The presenters, average age approximately 30, included an Anglo Saxon IBMer exhorting us to volunteer in some capacity - we spend 87 hours per annum watching porno - set aside two hours of that habit each year and volunteer and think of the change humanity could bring to the world he epically concludes; a Vietnamese games designer from Dolby developing real voice interaction for video games; a Chinese designer YinYang (translated happy creativity) shows us how her "fail whale" a design for a friend's birthday was picked up by Twitter from iStockPhoto and used as their 404 error message (someone suggested the name Fail Whale in a twitter post) and how this acted unexpectedly as a huge boost for her career; an Eastern European computer programme who made no sense whatsoever to me because he spoke in programme acronyms for 5 minutes; a young Indian Malay lawyer who travels the world setting up micro financing systems in developing economies; an Australian, the only suit wearing presenter, instantly turned effective business diagrams into an art form; an Irish email design expert dressed as a pirate who made sense of bounced and bouncing emails and showed why html email design was still steeped in last century methodology (last century being 1996) and - the headlining act...and here we must have a drum roll.. young Australian (late 20's) Adam Drever of Snatch Digital gave a startling presentation on brainstorming.
The session opened by placing Alex Osborne and the Creative Skills Training Council Global Mentor Dr Sid Parnes in correct historical context with the US Creative Education Foundation and then in 3 minutes showed the importance of brainstorming in all our worldly activities.
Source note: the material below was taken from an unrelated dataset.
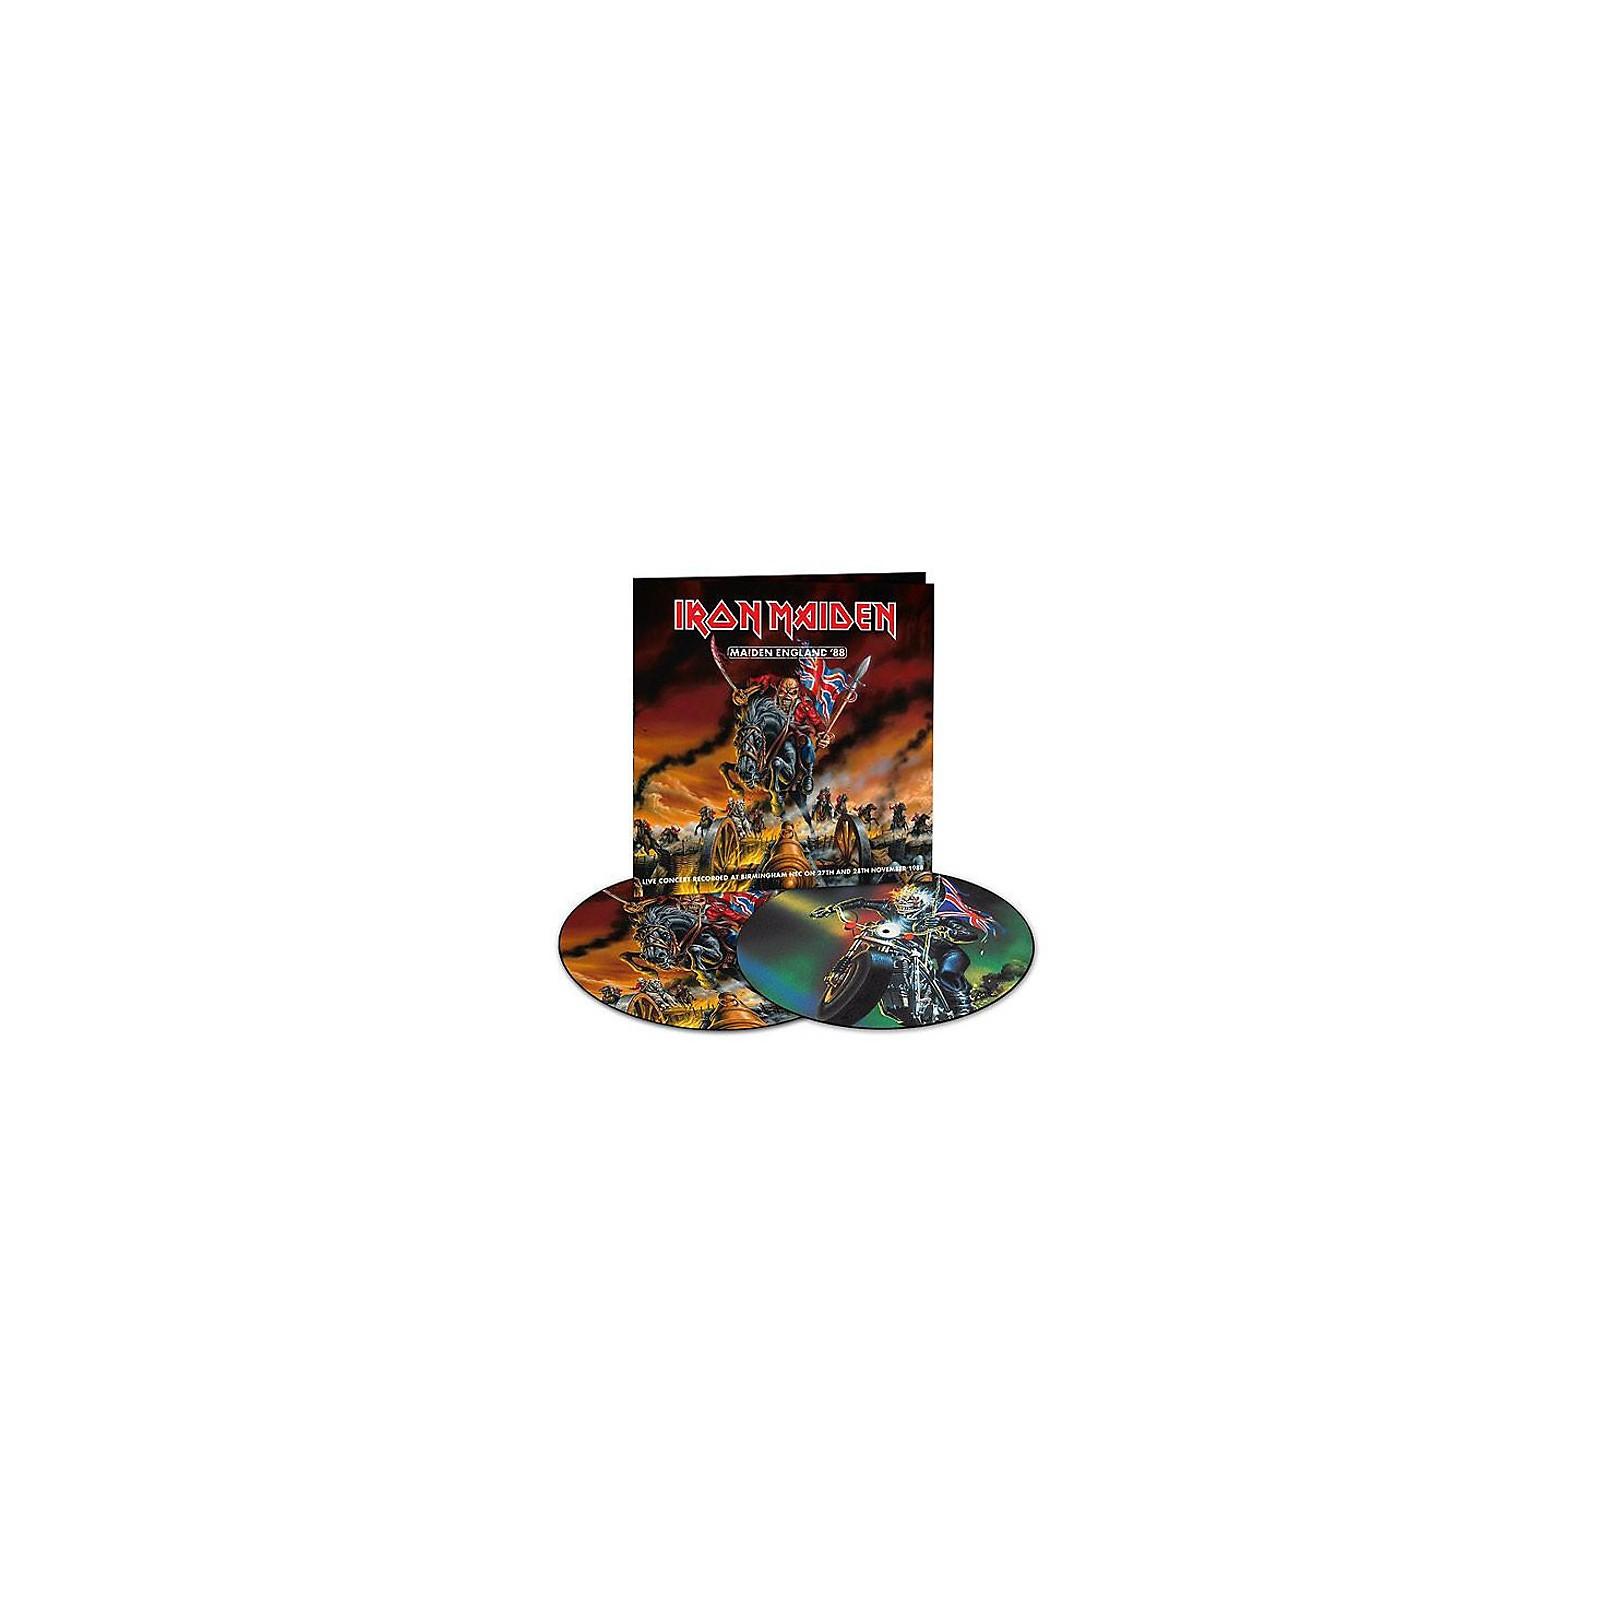 Alliance Iron Maiden - Maiden England: Live

In all my years attendance at the Creative Problem Solving Institute Conferences and other creativity conferences around the globe, I have never seen such a succinct, articulate and visual presentation on brainstorming.
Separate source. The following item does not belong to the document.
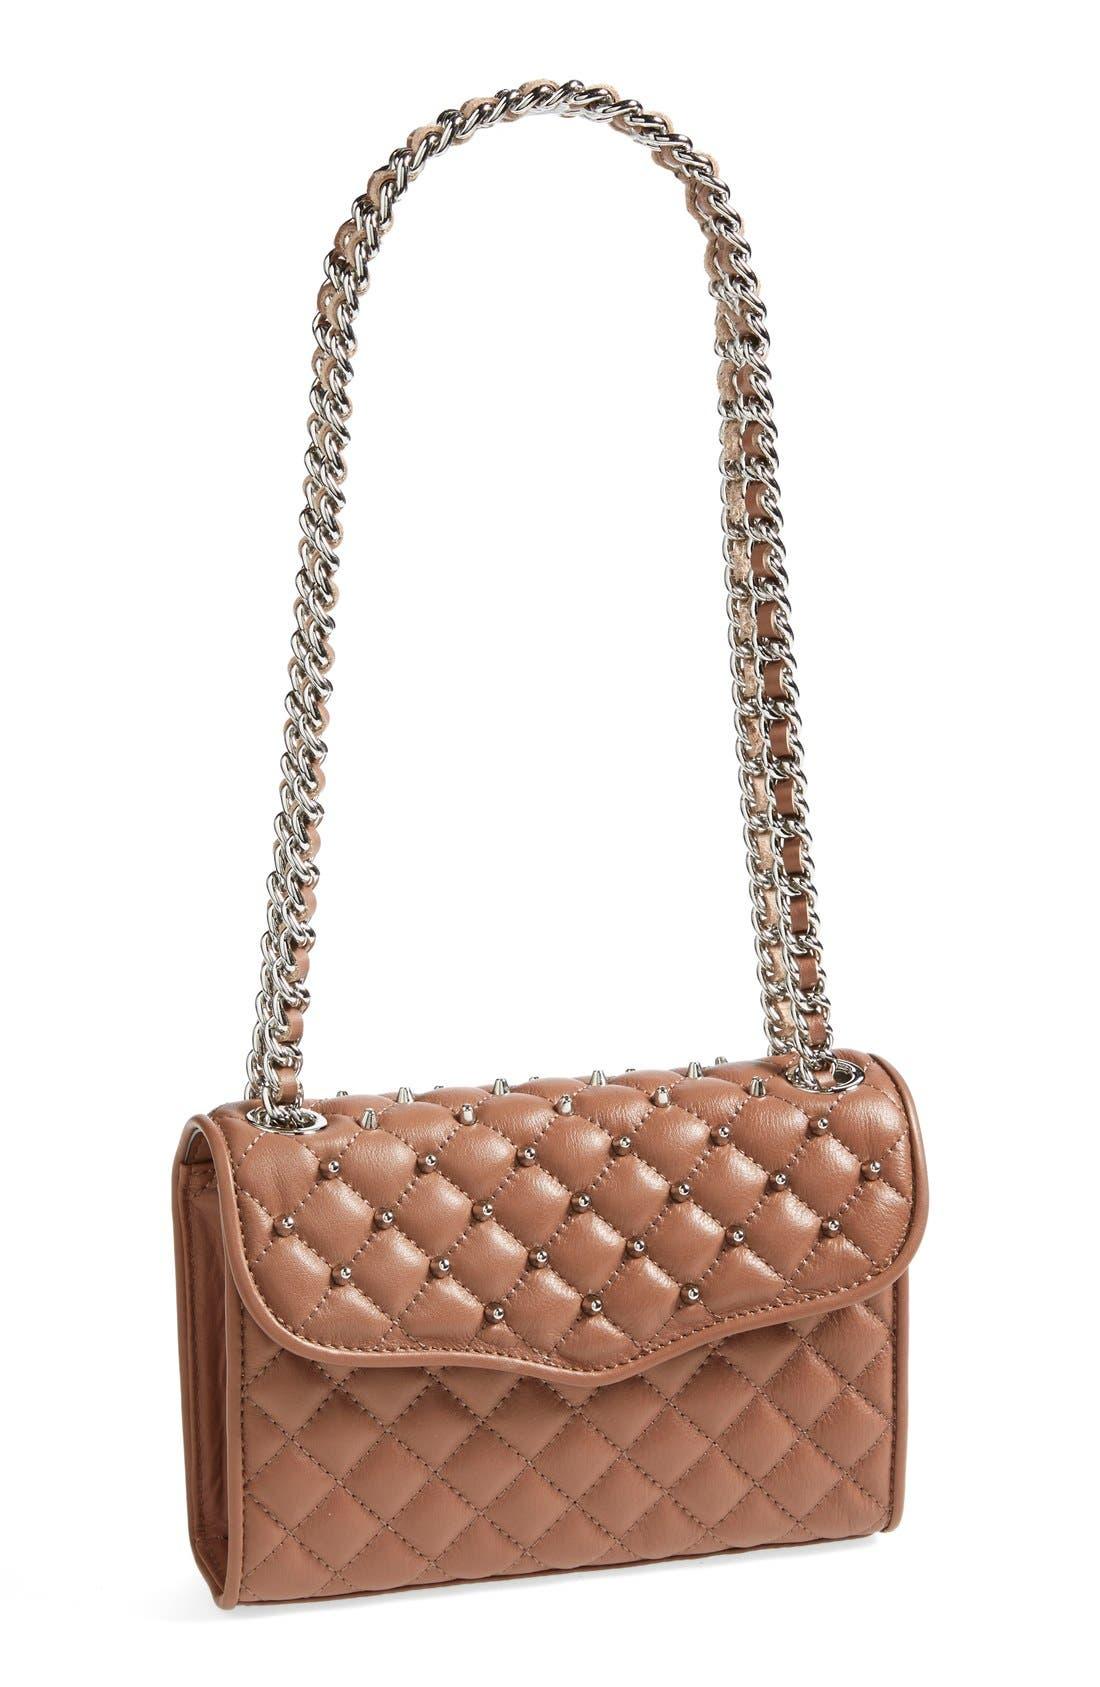 Alternate Image 1 Selected - Rebecca Minkoff 'Mini Affair with Studs' Convertible Crossbody Bag

Finish to rapturous applause..more alcohol, discussion, intellectual exploration and mating, perhaps...at a later stage!! The subconscious activities of our everyday workplace manifest!!
In the space of 60 minutes, I learnt more about video gaming, business diagrams, the evolution of mobile phones, volunteering, micro financing and the hidden hours of creativity (10.00pm - 2.00am according to the presenter) than any amount of researching and googling on these topics.
Only two presentations failed and they failed because the presenters misread the audience, the context and the intent of the presentations.
In a topic with the pretensious heading"T-shirts with logos are like corporate fellatio" the presenter attempted to be an entertainer and comedian and he distinctly was neither. He lacked the skill of a comedian and read his presentation. Well written as it was; it lacked the authenticity and personal passion of the other presenters. His presentation was about a cause, not about the transference of information and knowledge that had been passionately gained and experienced.
"Eclipse RCP development", well, the title of the presentation says it all and over 5 minutes, the introverted and passionate computer programmer didn’t make it any clearer, at least not for me. "What in the f... is this all about" was the mumbling around me as his PowerPoint slides offered wire frame with words after wire frame with words. At least, the wire frame slides towards the end appeared less complex and cluttered. The group I stood with began to see this as a comedy piece in its own right, albeit performed with passion and incomprehensibility. Our Eastern European coder received a rousing ovation at the end but I suspect it was in empathy. As an introvert he had conquered his fears, strode the cabaret stage and completed a presentation about his passion - computer coding and design - in public!! Information transference - nil!!
Every presentation was outstandingly visual - not all the visuals worked but these business cabaret presenters have been expertly coached the Sydney Ignite presenters, know the format of the video clip and have designed and edited their presentations accordingly. At last, the full power of PowerPoint as an aesthetic and multi-media tool is being realized and explored.
Like indie rock bands who merge into the mainstream, this coming generation of business presenters merge the visual with live performance to finally make the 70's and 80's Warholian multi-media performance and cabaret art, the popular form of business communication it always promised to be!!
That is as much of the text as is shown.